- Theatrical release poster
- Directed by: Sai Ramani
- Screenplay by: Sai Ramani
- Story by: Anil Ravipudi
- Based on: Pataas by Anil Ravipudi
- Produced by: R. B. Choudary
- Starring: Raghava Lawrence Nikki Galrani
- Cinematography: Sarvesh Murari
- Edited by: Praveen K. L.
- Music by: Amresh Ganesh
- Production company: Super Good Films
- Distributed by: Sivabalan Pictures Vendhar Movies
- Release date: 9 March 2017;
- Running time: 152 minutes
- Country: India
- Language: Tamil

= Motta Shiva Ketta Shiva =

2017 Indian film by Sai Ramani

Motta Shiva Ketta Shiva is 2017 Indian Tamil-language action comedy film written and directed by Sai Ramani.
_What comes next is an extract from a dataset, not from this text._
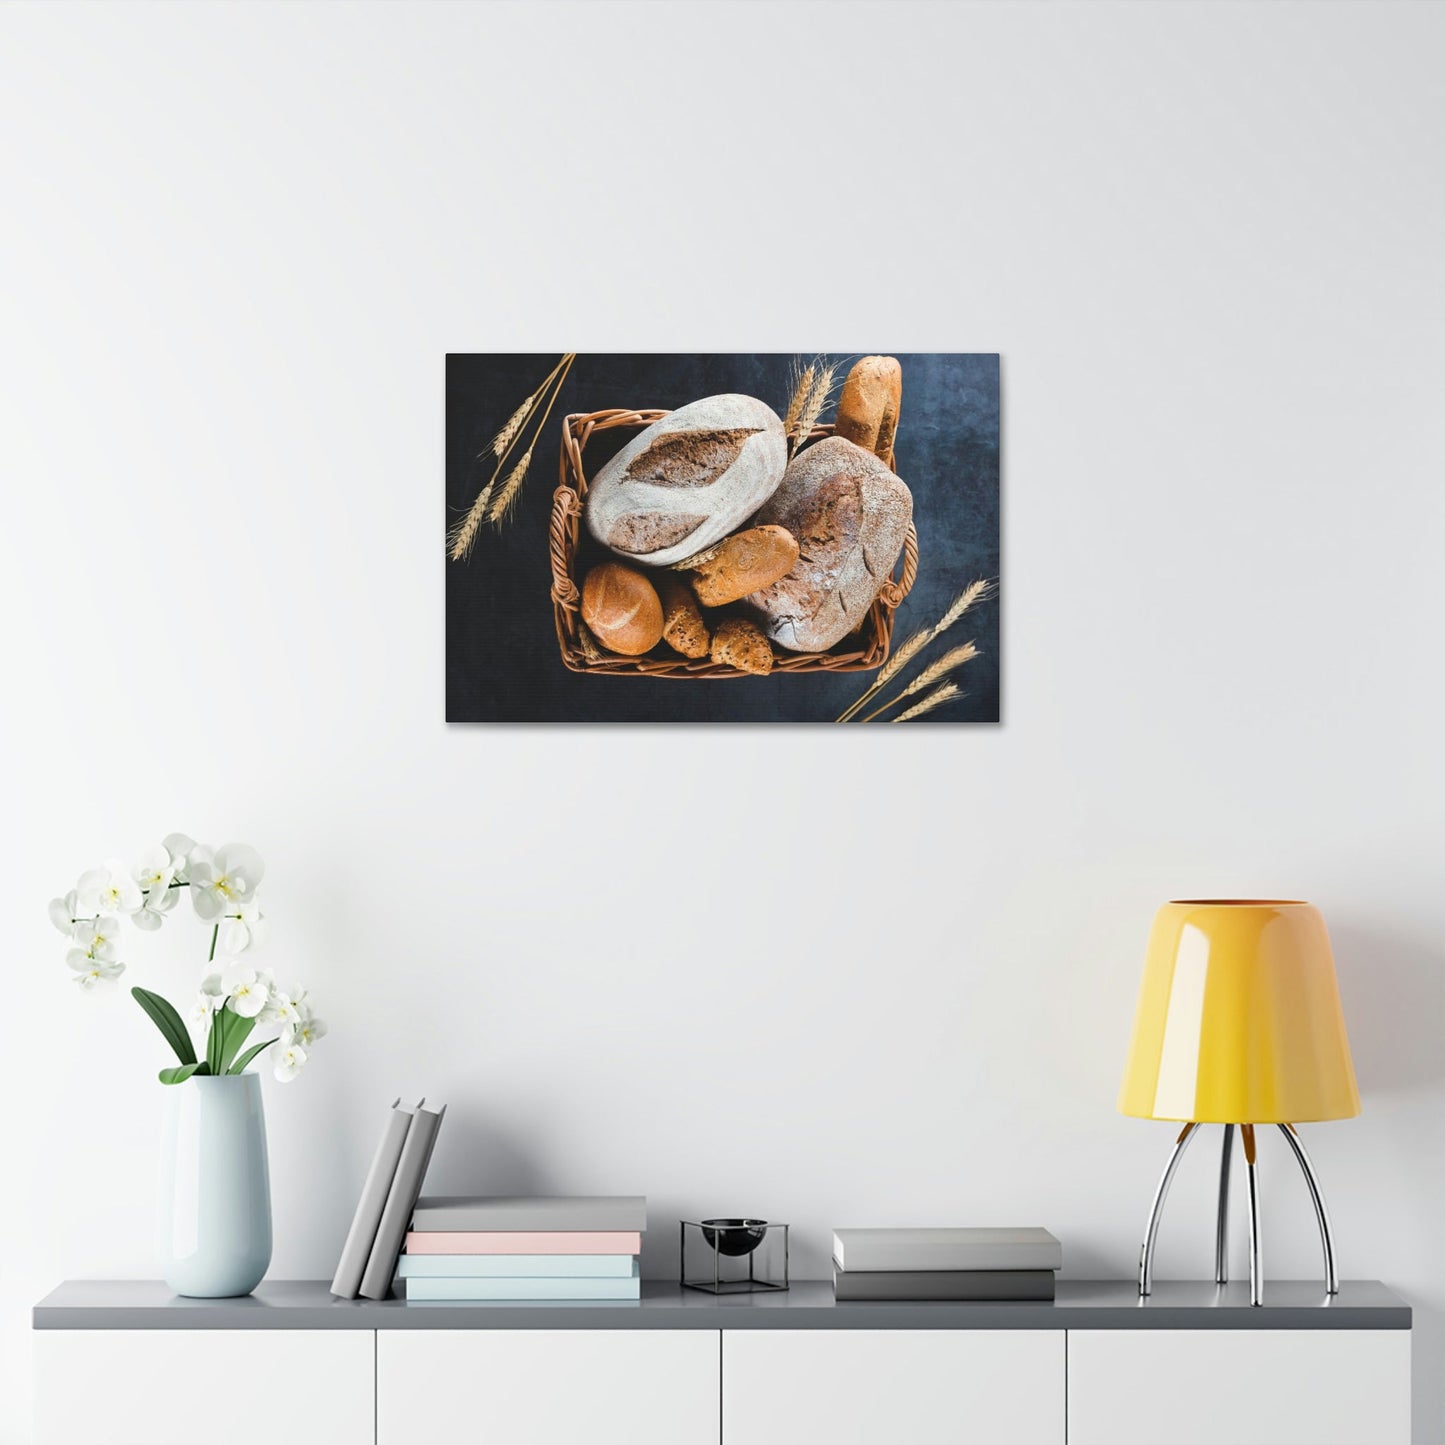 Rustic Bakery Delight: Natural Canvas and Poster with Freshly Baked Bread Art
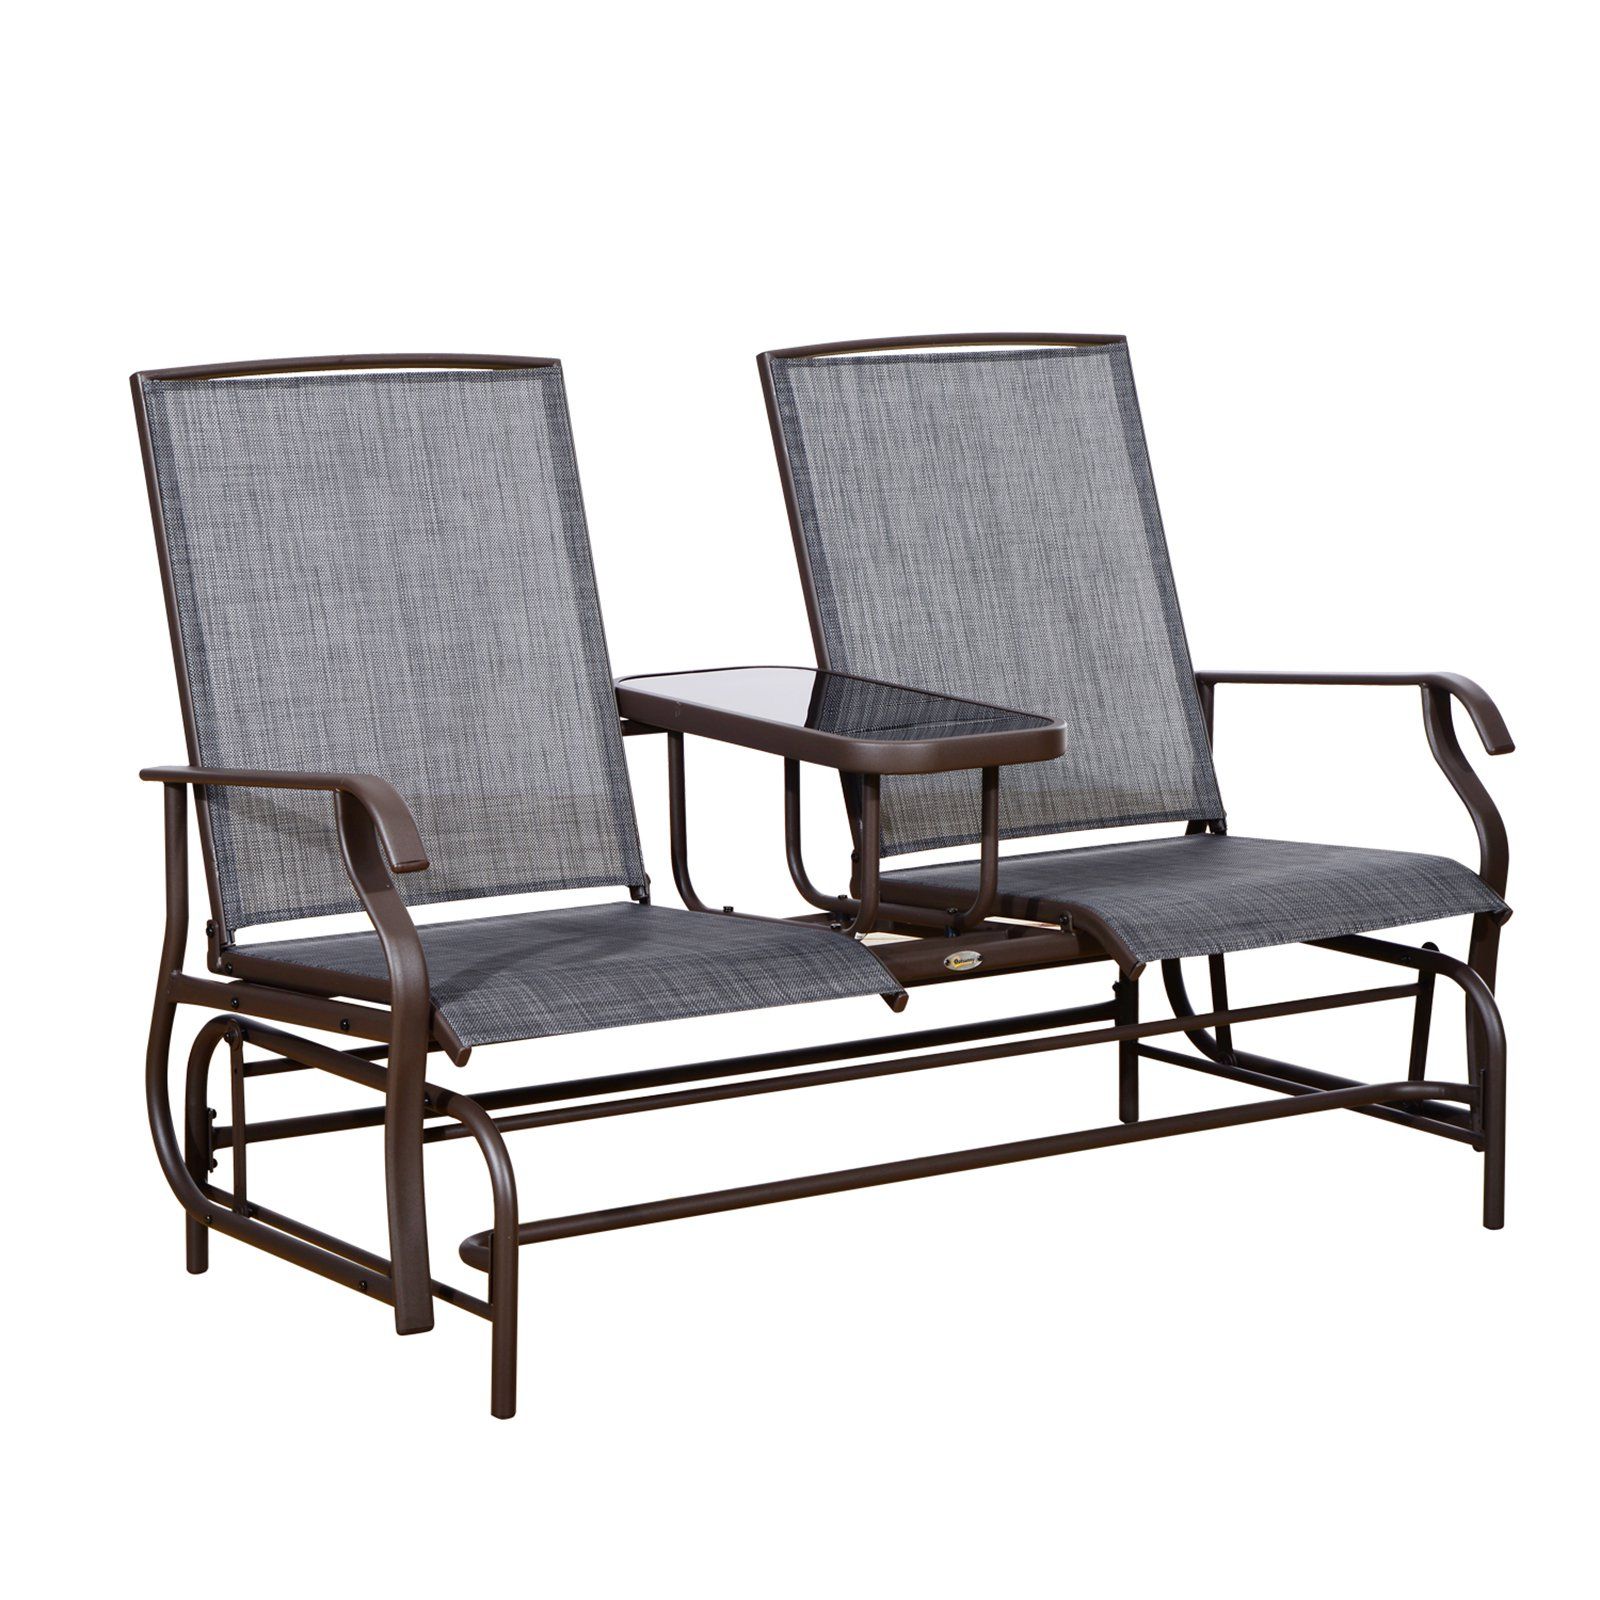 Outsunny 2 Person Mesh Fabric Patio Double Glider Chair With Pertaining To Center Table Double Glider Benches (View 1 of 25)

The film stars Raghava Lawrence and Nikki Galrani, while Sathyaraj and Ashutosh Rana play supporting roles. It is a remake of the 2015 Telugu film Pataas with Ashutosh Rana reprising his role from the original. The music was composed by Amresh Ganesh with editing done by Praveen K. L. and cinematography by Sarvesh Murari. The film was released on 9 March 2017 and received mixed reviews.

== Plot ==
ACP Shivakumar IPS is a corrupt police officer who saves the Central Minister in the forest from terrorists and is transferred to Chennai and misuses his power to gain money through unorthodox processes. During this process, he encourages an MP named GK, who has become a headache to Kirubakaran, the Police Commissioner of Chennai. In a shocking revelation by GK, Shiva is Kiruba's son, who is angry at the latter as his supposed negligence killed his mother and unborn sister. However, Kiruba actually left his wife in the hospital to save several children in a terrorist attack. Unaware of this, Shiva left Kiruba, joined an orphanage, and became an corrupt IPS officer to seek revenge on him.

During his time in Chennai, Shiva meets Jaanu, a journalist at Sun News, and Nithya, a deaf-mute girl who works at a coffee shop. Shiva loves Jaanu and expects her to reciprocate the same, however, she rejects him because of his corrupt nature. GK's brother, Sanjay, and his friends gang-raped and brutally killed Nithya when she tried to save a techie from being sexually assaulted near HITEC City. Nithya's death an enraged Shiva, so he turns against GK.

GK wants to make Sanjay a politician, and Shiva challenges GK to save Sanjay from getting arrested. GK manages to kidnap the techie, but with the help of a transgender woman who witnessed Nithya's murder. Shiva arrests Sanjay with a non-bailable arrest warrant and challenges GK to bring Sanjay out of jail within three days. Shiva then manages to enter Shere Khan's area and arrest GK's brother's friends. Meanwhile, Kiruba and Shiva are reunited, and Shiva's marriage to Jaanu is approved. On the third day, GK's henchmen kidnap the transgender woman and Jaanu. Shiva and his team go to the spot to save the witness. However, Shiva could not rescue the transgender woman, as the kidnappers killed her.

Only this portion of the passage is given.